Dünyada her güzel şey, renkli balonlar gibi neşeyle oradan oraya salınırken hayatın dikenlerinden birine değip yok olmak zorunda mı? Birini sevmek, onunla mutlu olmak neden bu kadar imkânsız? Kendini dünyanın geri kalanından ayrı bir yere koyup birbirini seven iki insanın bir arada durabilmesi, neden bu iki insan dışındaki her şeye bağlı?Dünya Bu Kadar Mahir Ünsal Eriş’in ilk romanı. Gelgelelim onun öykü dünyasına sıkı sıkıya bağlı bir roman bu.

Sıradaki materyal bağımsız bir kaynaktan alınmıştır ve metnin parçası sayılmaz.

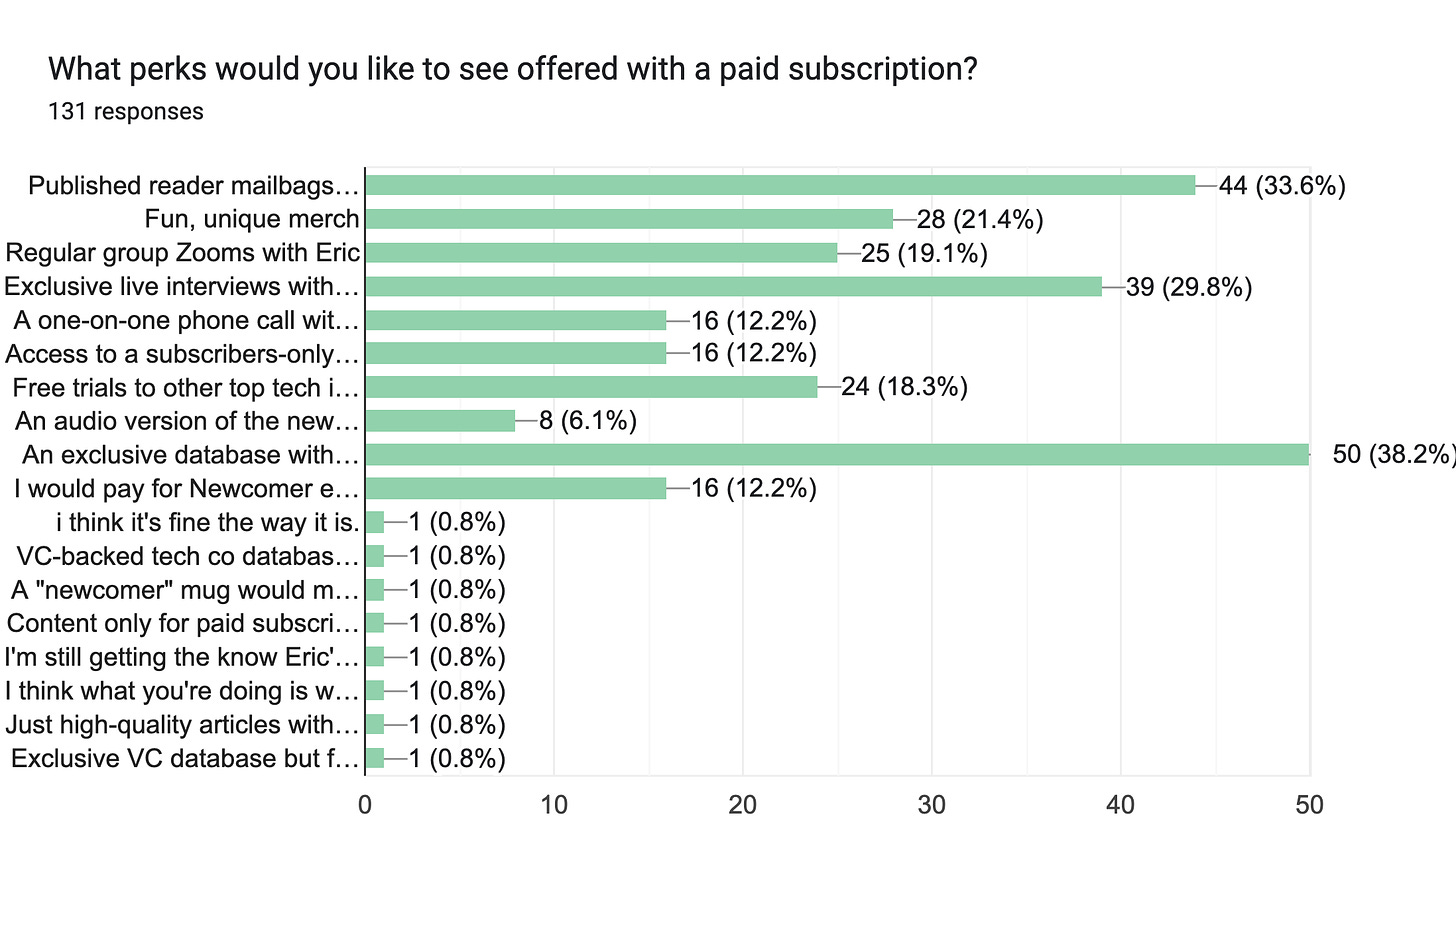 Forms response chart. Question title: What perks would you like to see offered with a paid subscription?. Number of responses: 131 responses.

“Bir ikindi kahvaltısı”na gelemeyen Güneş’in hikâyesiyle yola koyulan yazar geri dönüşlerle, sıçramalarla Güneş’in anne babası Turan Bey ve Mükerrem Hanım’a, Kore Savaşı yıllarına, Yalova Depremi’ne, Hasan Fehmi Bey’e; evlere ansiklopedi satan Korhan’la Fevziye’den bu ansiklopedilerin yayıncısı Nuri’ye; kaymakam beyin kızı Yeliz’den Şelhum Asteğmen’e ve daha pek çok figür ve yaşantıya sahne açıyor.Karakterden karaktere, andan âna, mekândan mekâna geçerek yıllara yayılan, tesadüflerin peşi sıra geldiği bu kanlı canlı romanda hayat kesitleri, kumdaki ayak izleri gibi doğallıkla kesişerek bir bütünde birleştiriliyor. Dünya Bu Kadar, hem alabildiğine yaratıcı olay örgüsü hem satırlarından ışıyan enerjisi hem de benzersiz duyarlılığıyla edebiyat dünyamızdaki yolculuğuna devam ediyor.
-bir-
Bir ikindi kahvaltısı yapacaklardı. Güneş gelmedi. Önce, yarası halen taze olan gönül meselesinden şüphelendiler. Sonra sarsaklığına, serseriliğine verdiler. Karakterinden de, yetiştirilişinden de beklenmeyecek sarsaklıkta bir adamdı Güneş. O cumhuriyet binaları gibi kalıplı, köşeli ve ciddi babanın, evdeki kırlentleri koltukların üstüne astronomik bir geometriyle yerleştirecek kadar düzenine düşkün annenin çocuğu olduğundan şüphe etmemek imkânsızdı. Lisedeyken, hep birlikte Güneşlerde kaldıkları akşamlarda, her şeye, hatta bazıları dış dünyada olmayan bir sürü şeye dikkat etmekten yorgun düşer, erkenden uyuyakalırlardı. Sabah kahvaltısı için en geç sekizi yirmi geçe, eller yüzler yıkanıp saçlar taranmış, yatak döşek toplanmış, gömlek kravat çekilmiş halde masa başında olunması icap ederdi. Tuhaf olanı, bu evde, bunları yapmalarını onlardan, Güneş’in arkadaşlarından, bekleyen yoktu. Öğlene kadar uyusalar, kimse gelip dürtmezdi. Tuvalet terliklerini alışılan düzende bırakmasalar, yemek bitince tabaklarını mutfağa götürmeseler, şöyle üstünkörü sudan geçirmeden evyenin içine ya da tezgâha bırakıverseler kimsenin kulaklarından tutacak hali yoktu. Üstelik, Güneş’in babası, hepsinin liseden hocasıydı ve zaten tabiatı gereği mösyö yaradılışlı bir insan olduğu için her birine “siz” diyor, hal hatır sorarken bile ikinci çoğuldan ayrılmıyordu.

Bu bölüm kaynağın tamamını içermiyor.